═════ INFORMATION SUPPLIED

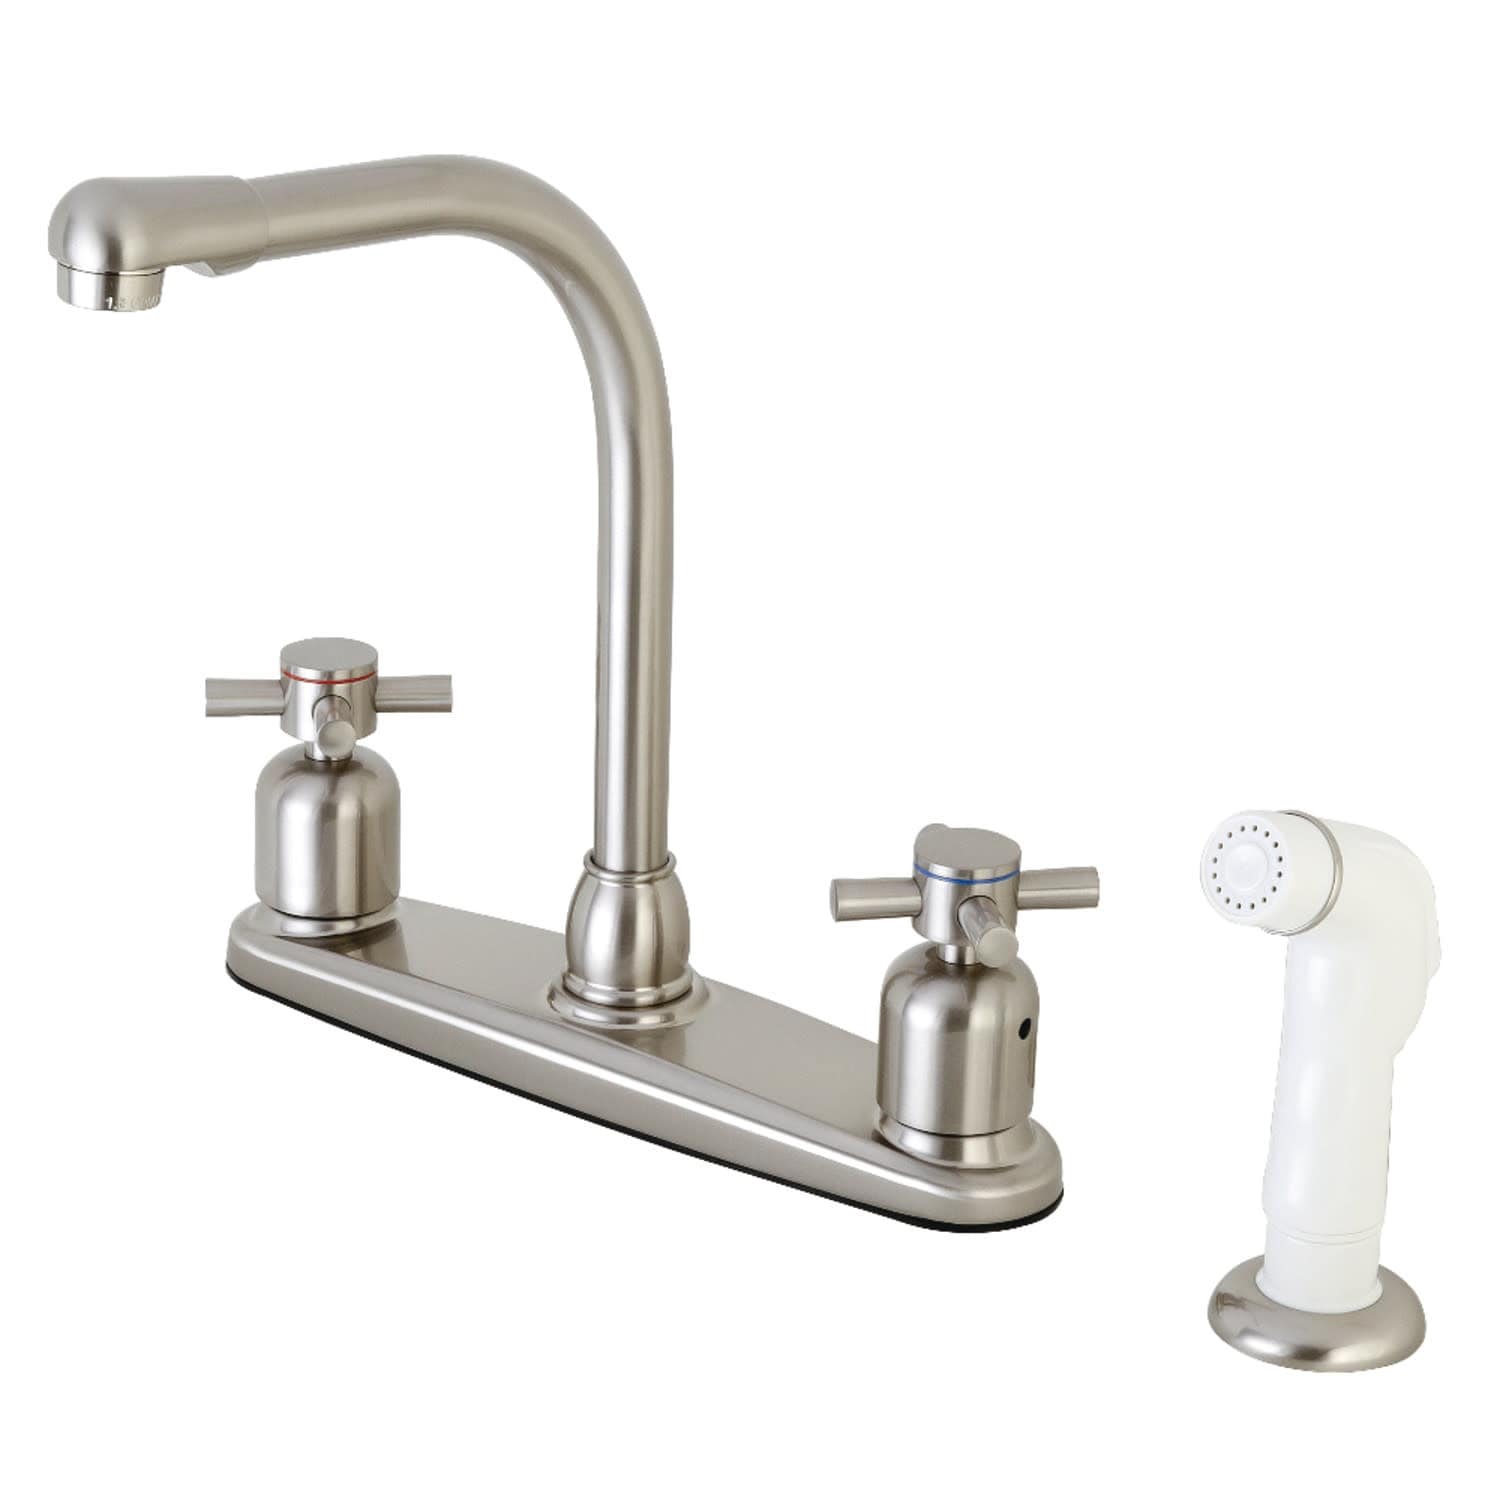 Kingston Brass Concord 1.8 GPM Standard Kitchen Faucet - Includes Side
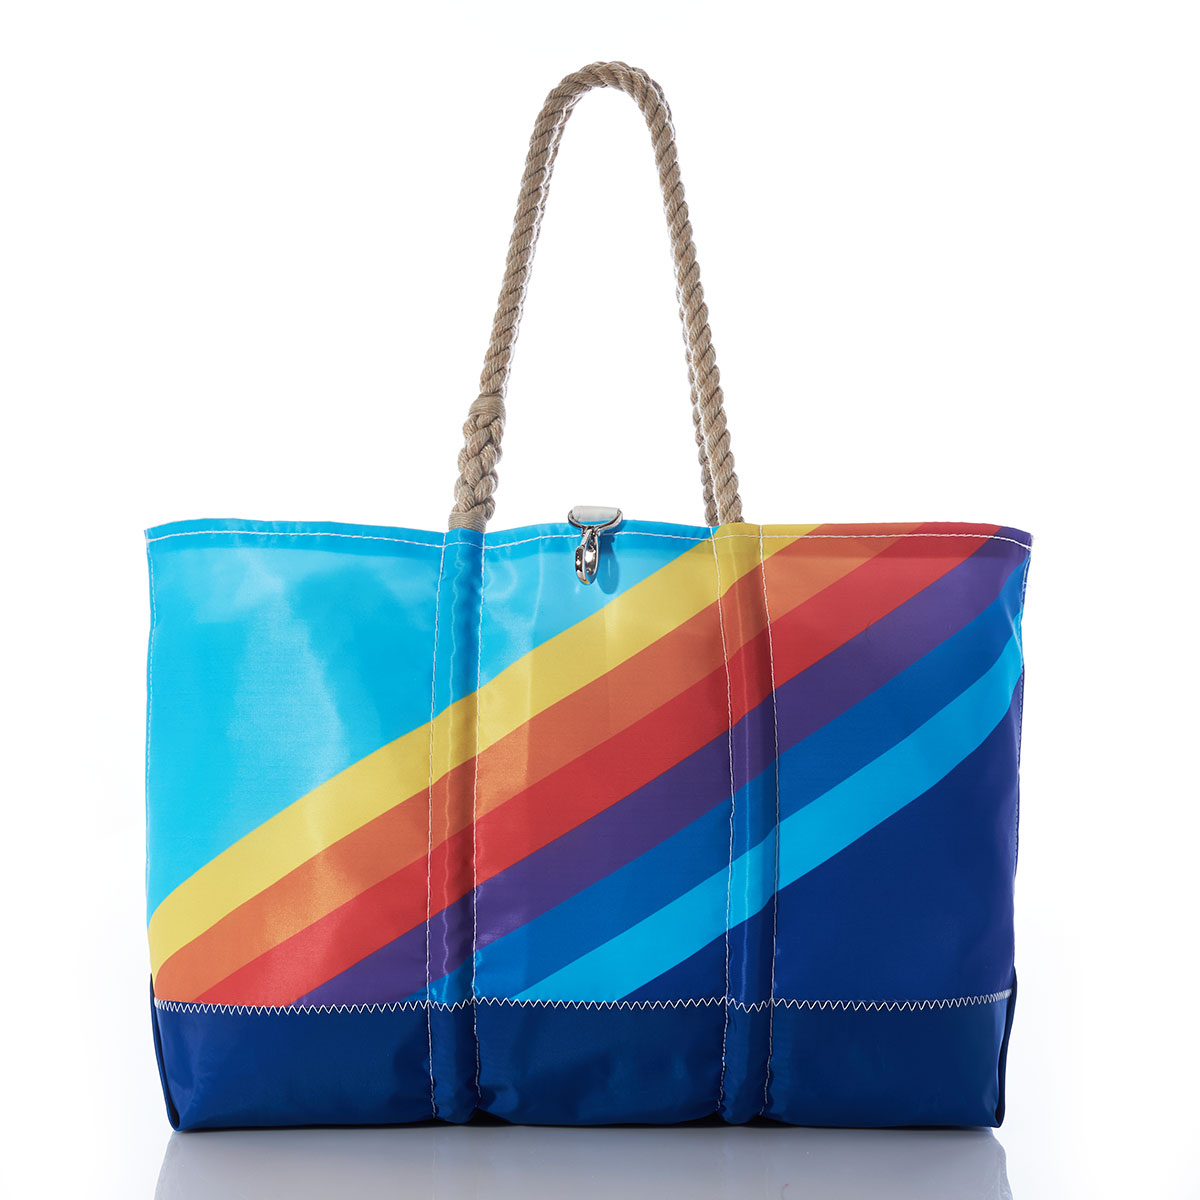 front view of a recycled sail cloth ogunquit beach tote which is printed with retro stripes that range from light blue in the top left corner to dark blue in the bottom right corner, with rainbow colored stripes in between
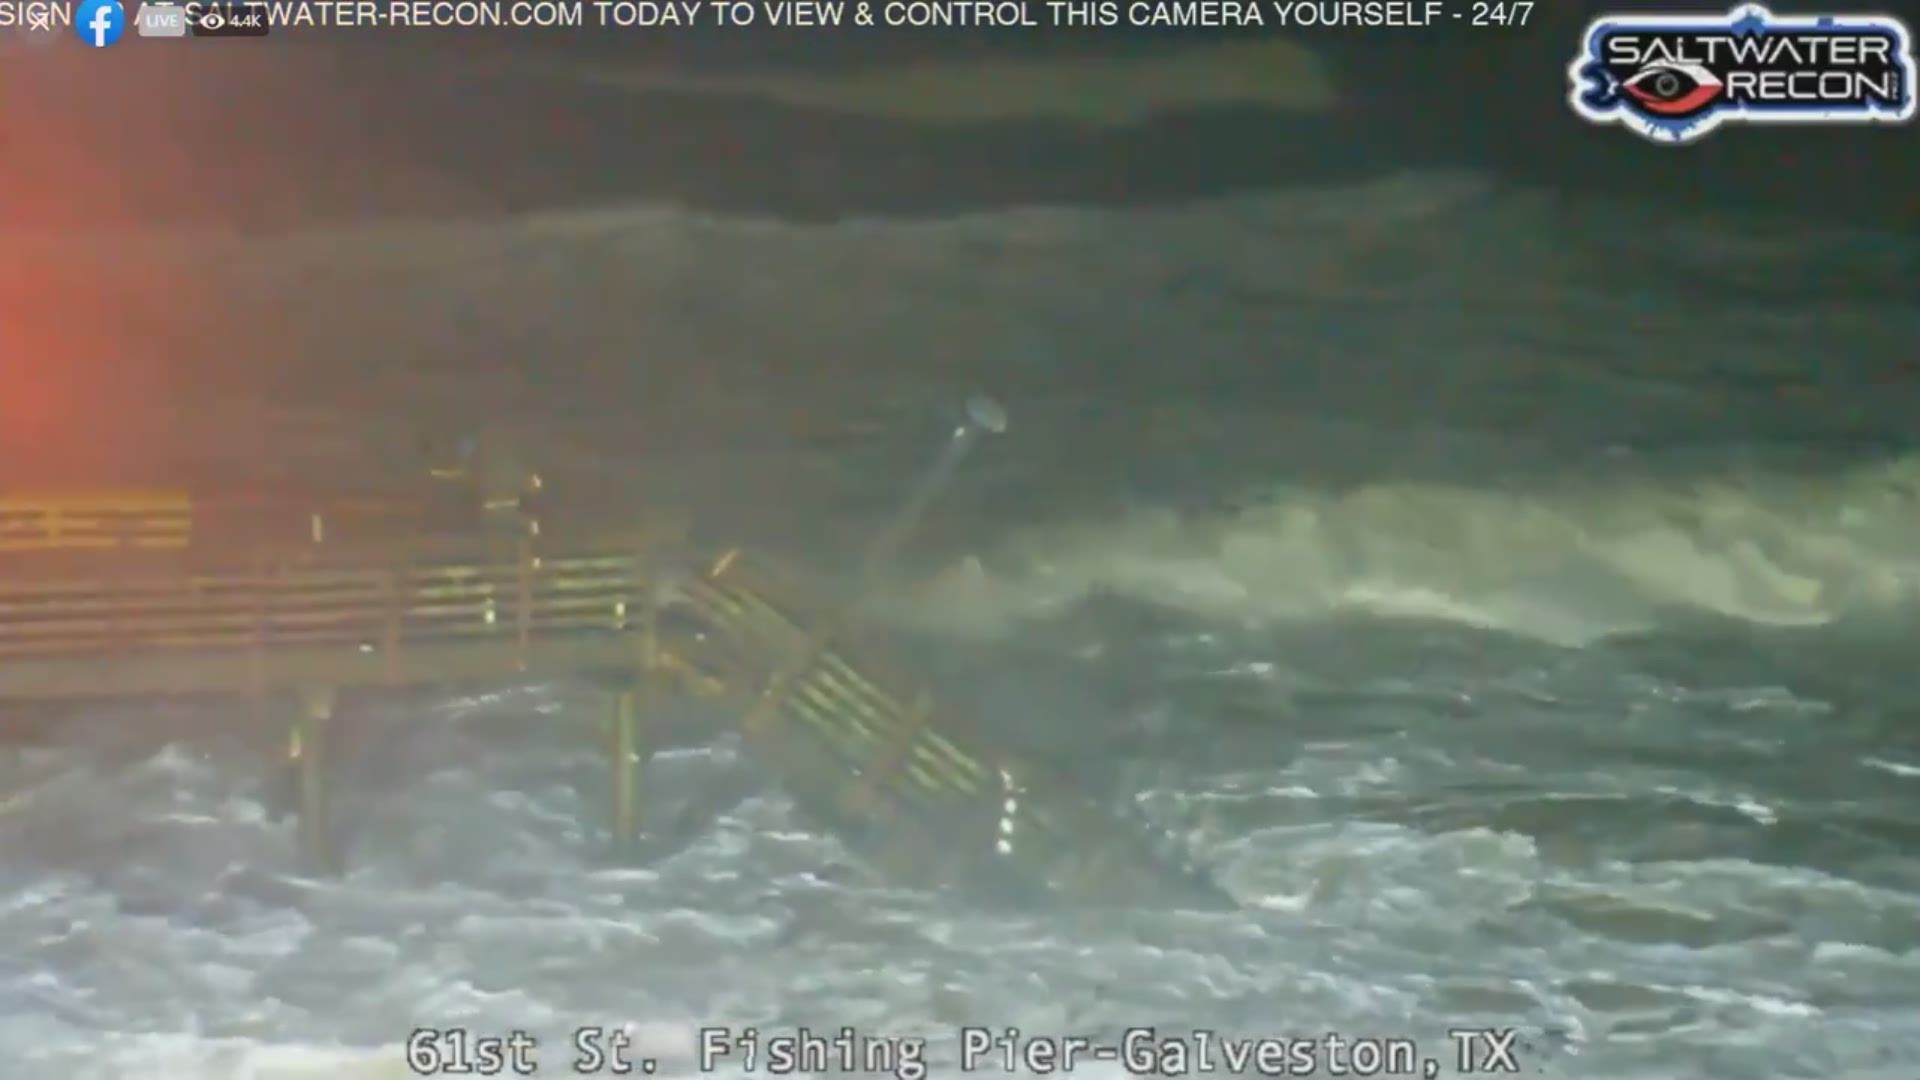 Rough surf from Tropical Storm Beta is threatened the end of the 61st Street pier. This video is shared from http://Saltwater-recon.com.

══════════

#### EXERCISE INSTRUCTIONS:
Everything from the line with "front view of" through the last line above should be reproduced exactly, both ends included; pictures must be omitted.

#### ANSWER:
 front view of a recycled sail cloth ogunquit beach tote which is printed with retro stripes that range from light blue in the top left corner to dark blue in the bottom right corner, with rainbow colored stripes in between
 Rough surf from Tropical Storm Beta is threatened the end of the 61st Street pier. This video is shared from http://Saltwater-recon.com.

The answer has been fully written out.